Copy out all of the lines below exactly; the pictures do not belong in the copy.

(SUPPLIED INFORMATION begins)

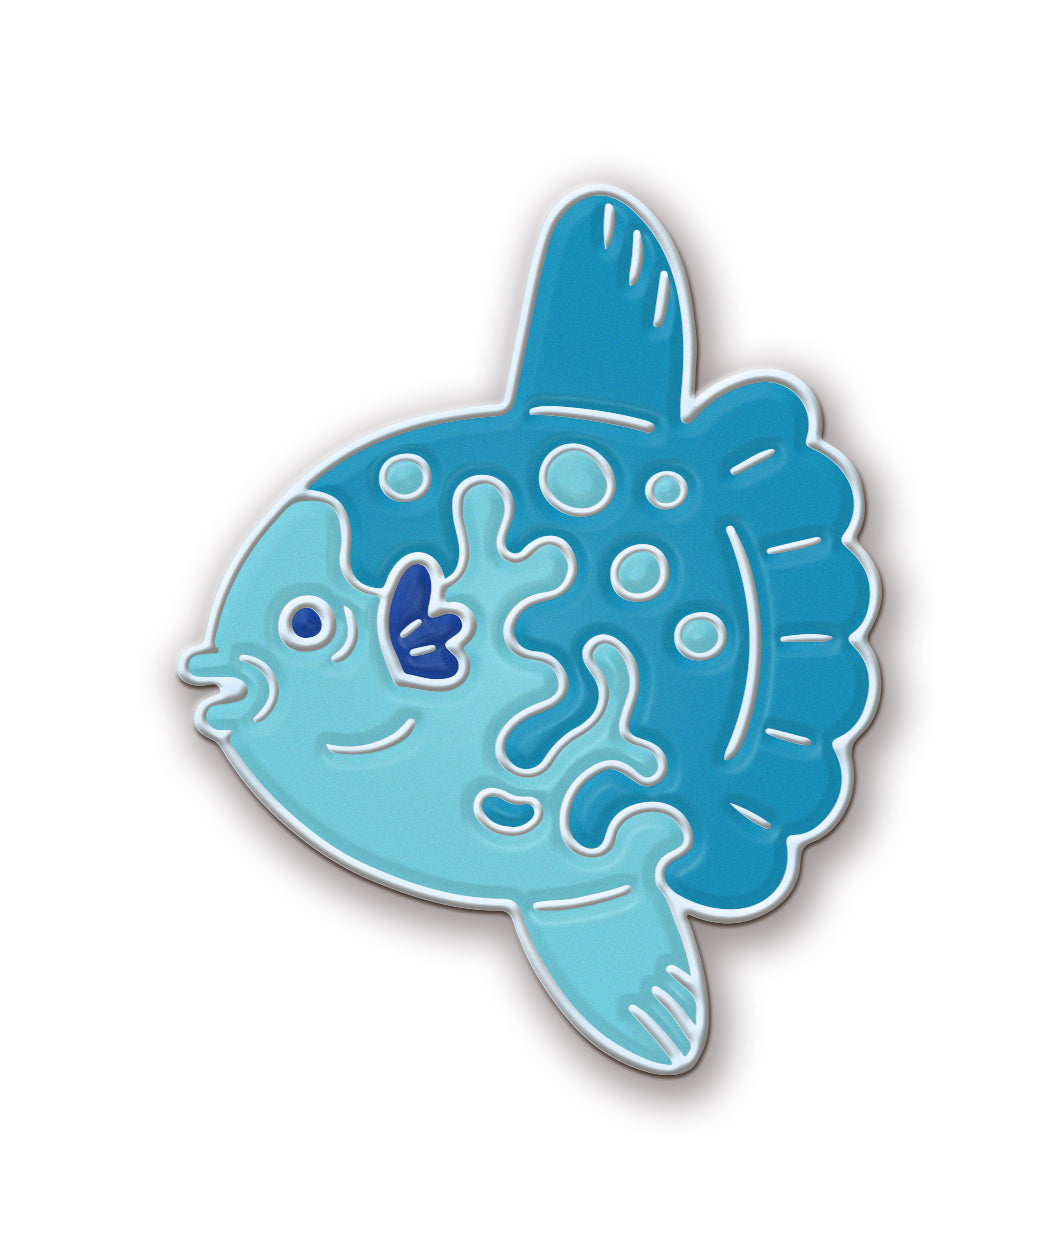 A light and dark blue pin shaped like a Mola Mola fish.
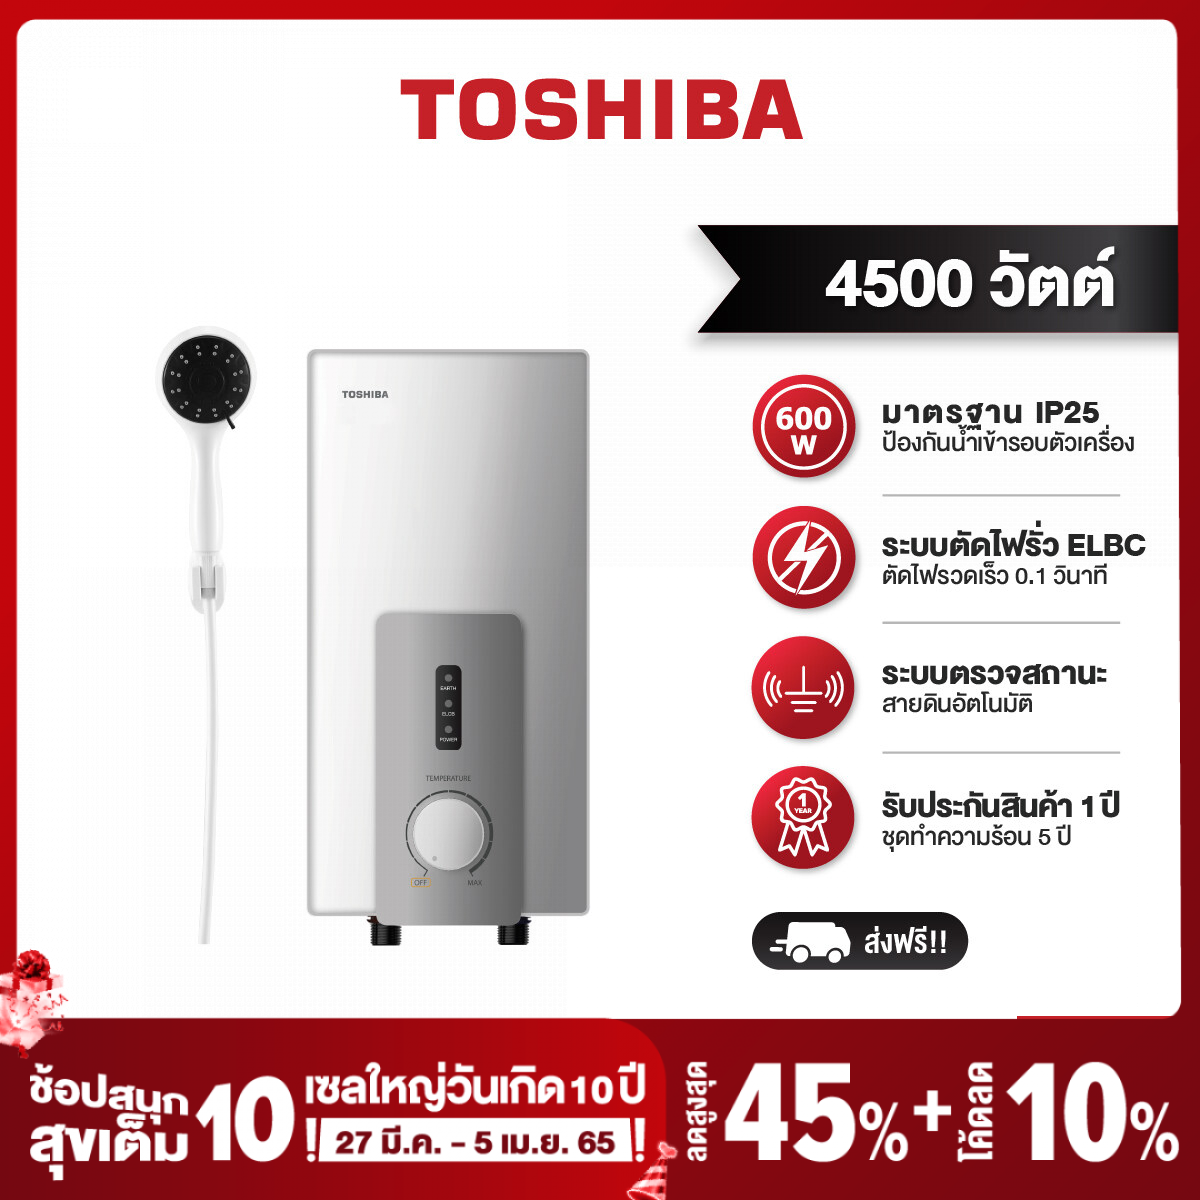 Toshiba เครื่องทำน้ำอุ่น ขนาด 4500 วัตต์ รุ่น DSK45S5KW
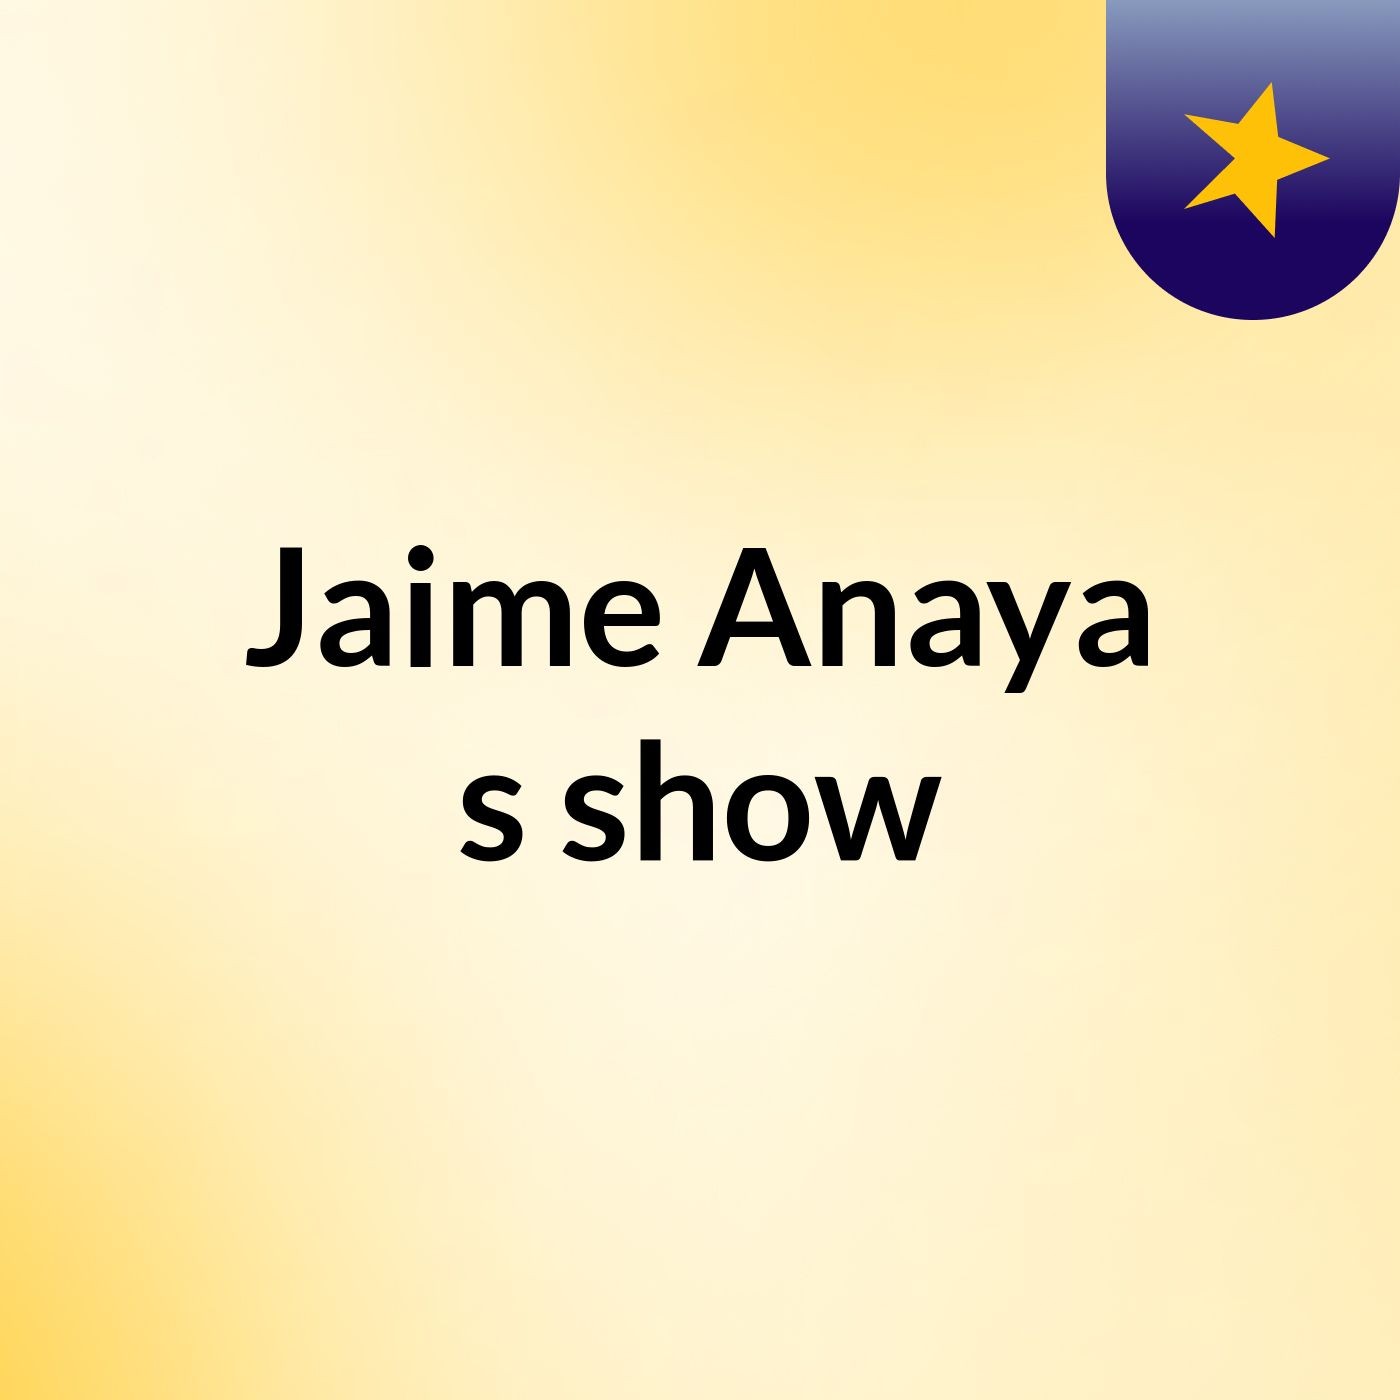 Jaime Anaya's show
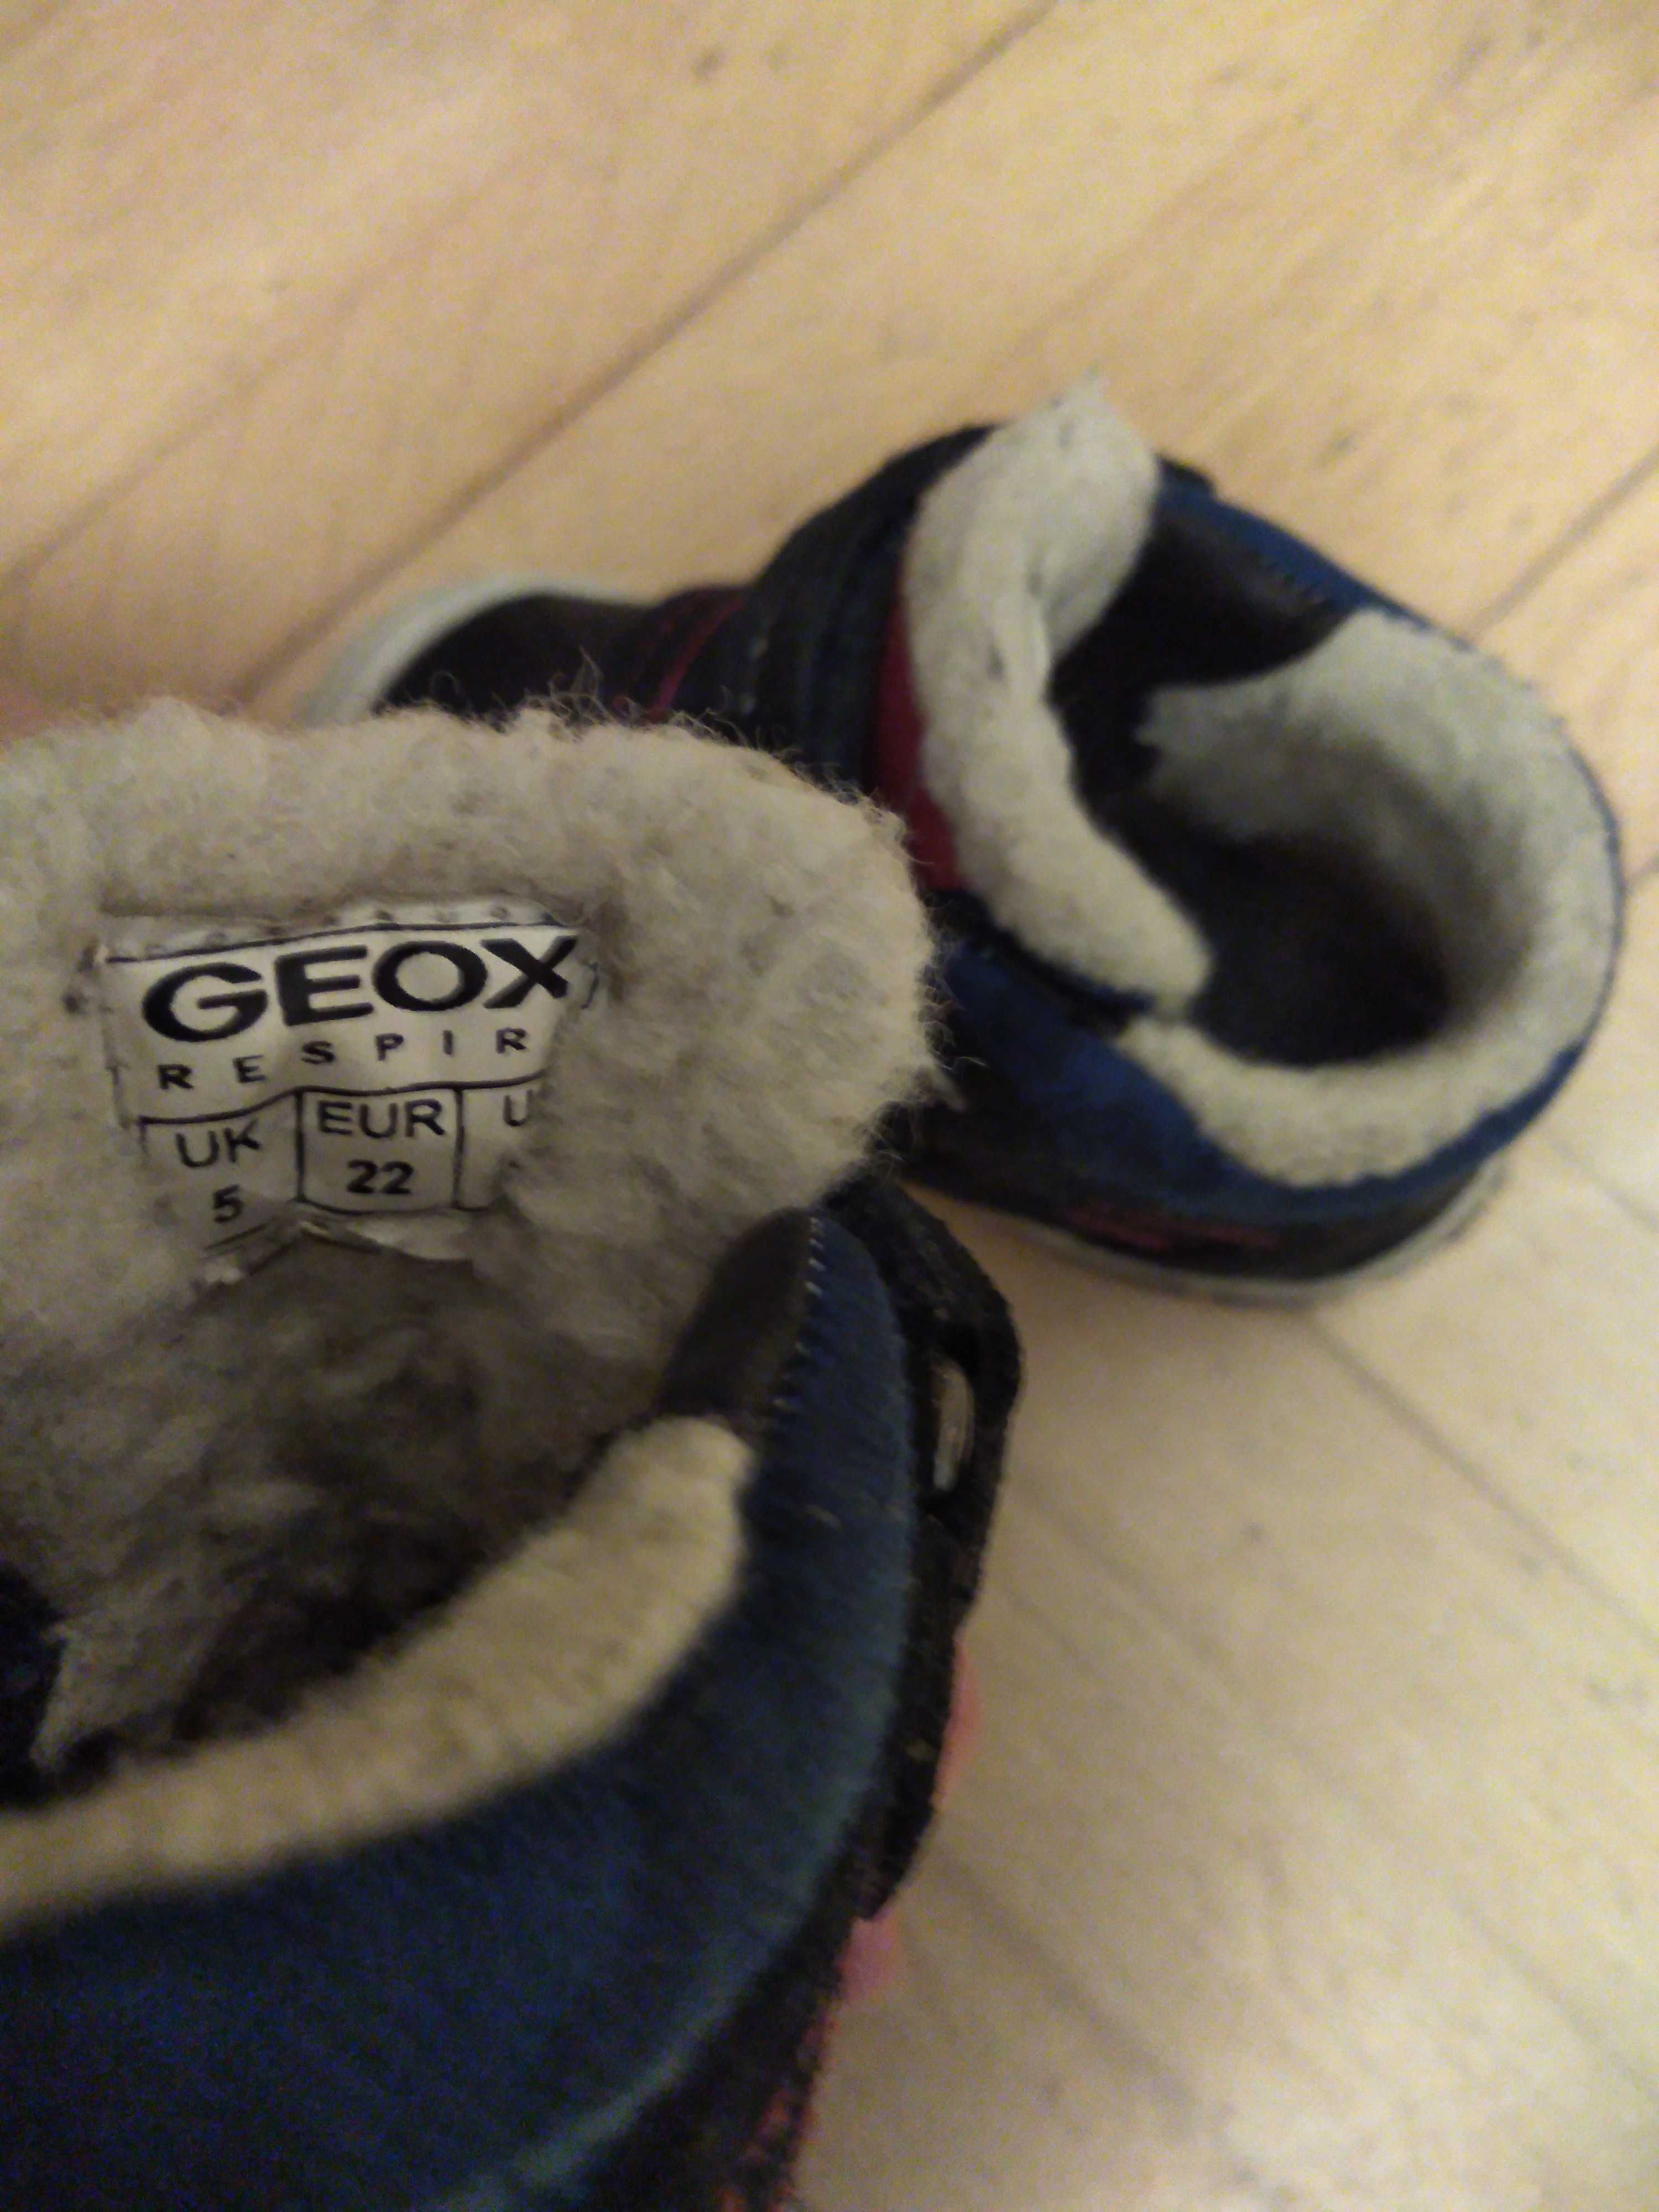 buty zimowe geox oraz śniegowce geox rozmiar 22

(SUPPLIED INFORMATION ends)

RESPONSE TO THIS TASK:
 A light and dark blue pin shaped like a Mola Mola fish.
 Toshiba เครื่องทำน้ำอุ่น ขนาด 4500 วัตต์ รุ่น DSK45S5KW
 Jaime Anaya's show
 buty zimowe geox oraz śniegowce geox rozmiar 22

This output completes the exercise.